From a developer perspective, there are a few things that could be done for these cases, e.g. one could merge the source files. We had a student who did that manually at some point and it reduced compile time to 1/5 in our Mushroom Body benchmark: Optimize compile times · Issue #179 · brian-team/brian2cuda · GitHub . That issue also has a few other hints. One could also try to optimize the Makefile, or automatically move to sequential compilation when running out of RAM (though that would need some estimate of how much RAM is needed).

Dear @denisalevi ,

Thanks for your prompt response! I think I already made good progress:

  1. The true compiling time was not 8 hours, but 40 minutes (12 seconds per object). My laptop went to sleep (I know… )

  2. It was not a RAM issue

  3. When I moved compiling to CPU with flags:
    b2.prefs.devices.cuda_standalone.cuda_backend.detect_gpus = False

b2.prefs.devices.cuda_standalone.cuda_backend.compute_capability = 8.6

b2.prefs.devices.cuda_standalone.cuda_backend.detect_cuda = True

b2.prefs.devices.cuda_standalone.cuda_backend.gpu_id = 0

My compiling time dropped to some 2.5 seconds / object. I think we can well live with this :slight_smile: . So now the compile times are like 8 minutes.

If the IO is slow, might try RAMdisk, what do you think?

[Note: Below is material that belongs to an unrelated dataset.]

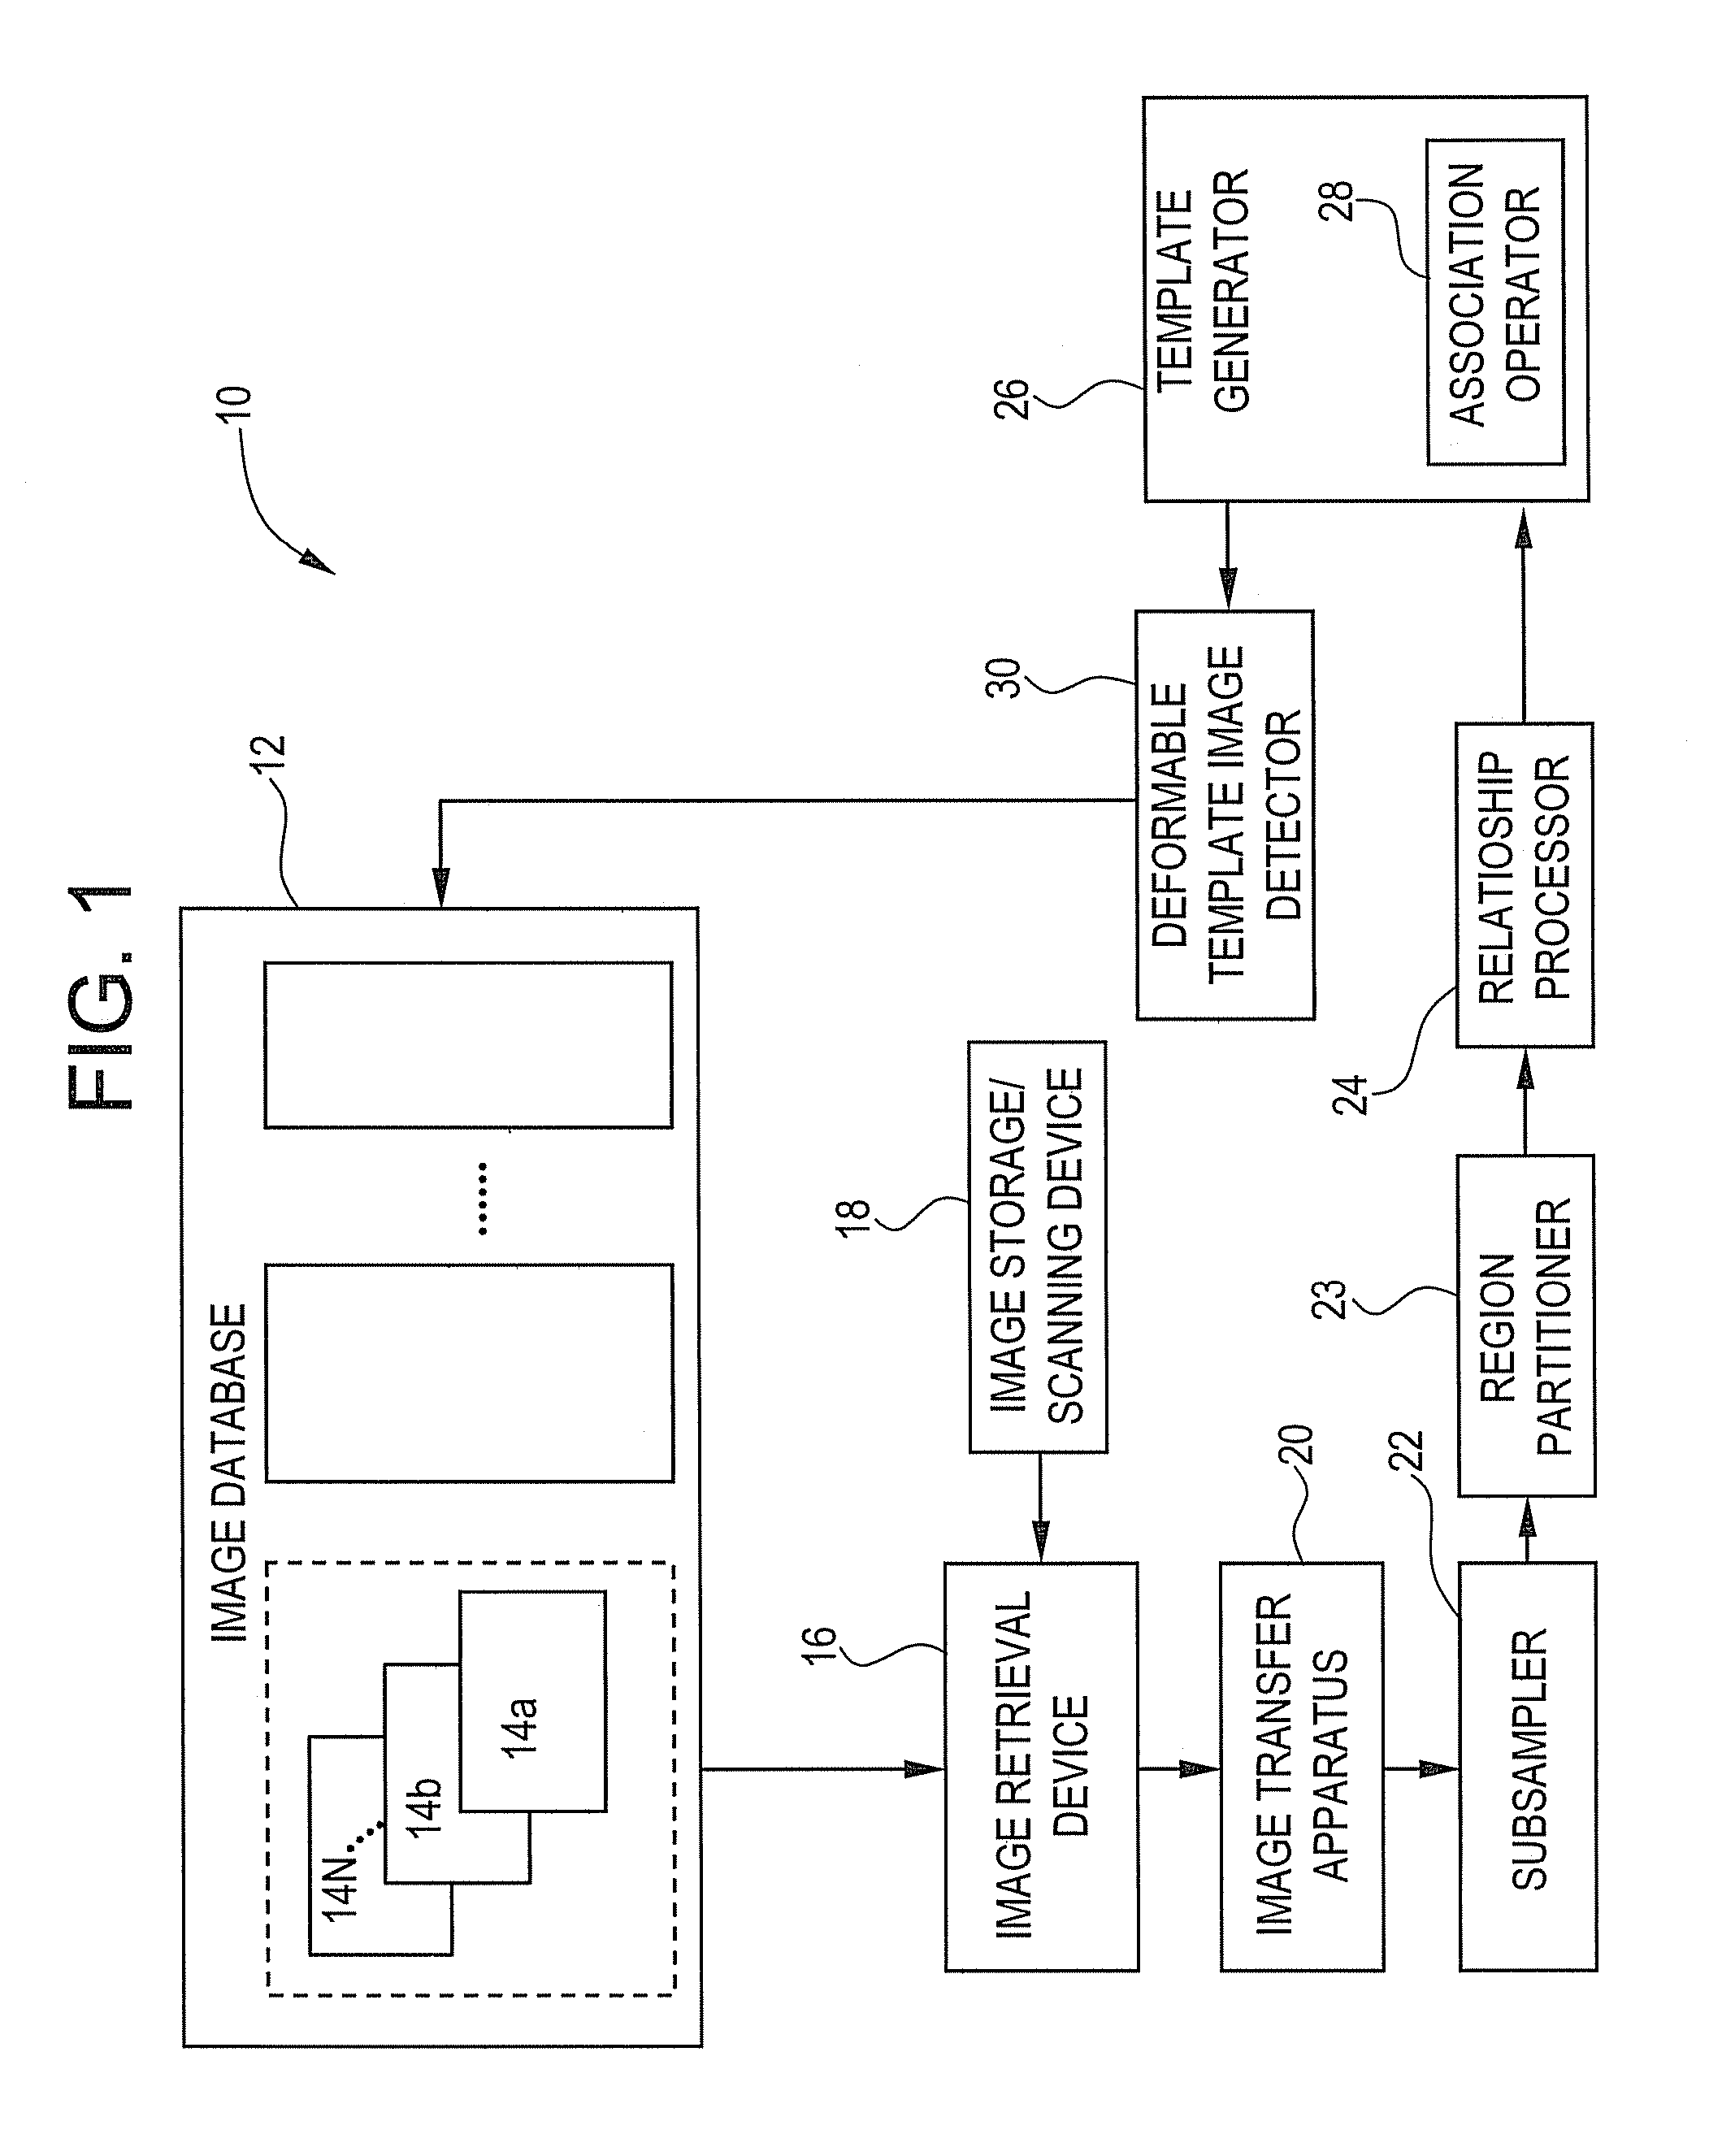 Methods and systems for selecting an image application based on image content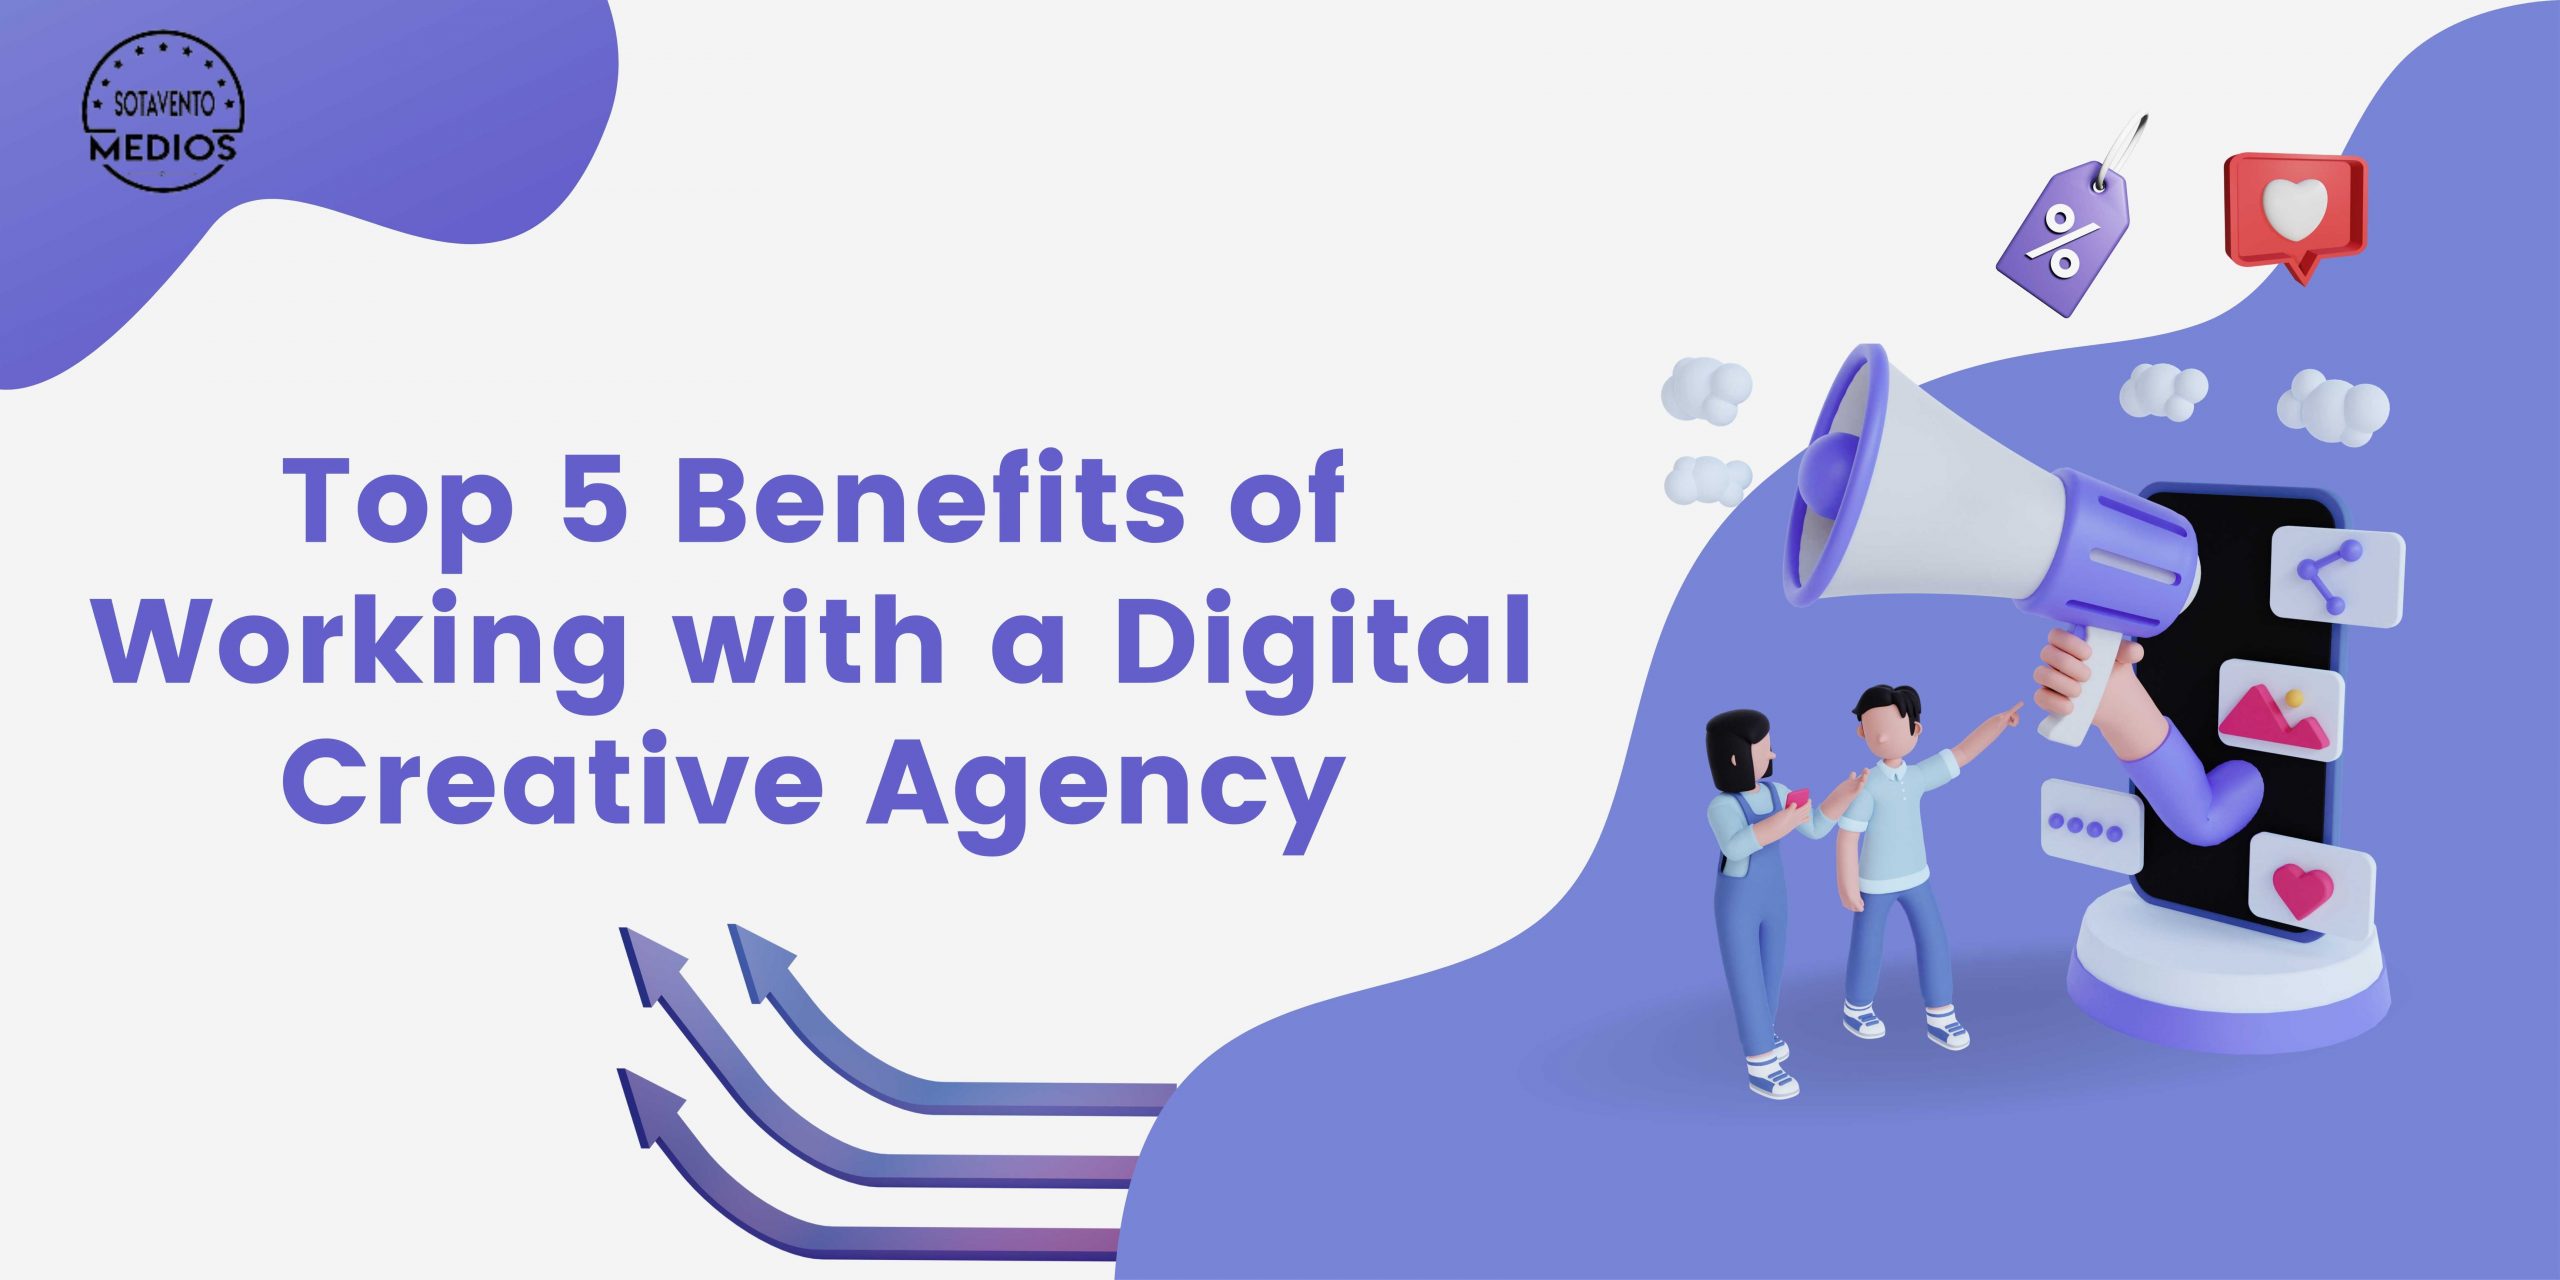 Top 5 Benefits of Working with a Digital Creative Agency

Note that the brian2cuda documentation at Configuring the CUDA backend — Brian2CUDA 1.0.0 documentation mentions changing prefs.devices.cuda_standalone.cuda_backend.runtime_version, but this did not register and gave an error.

Note2 that unlike mentioned in Brian2CUDA specific preferences — Brian2CUDA 1.0.0 documentation it did not matter whether the .detect_cuda was True or False, both seemed to compile as fast. I did not try to actually run the simulations with detect_cuda = False, though. With detect_cuda = True it ran smoothly.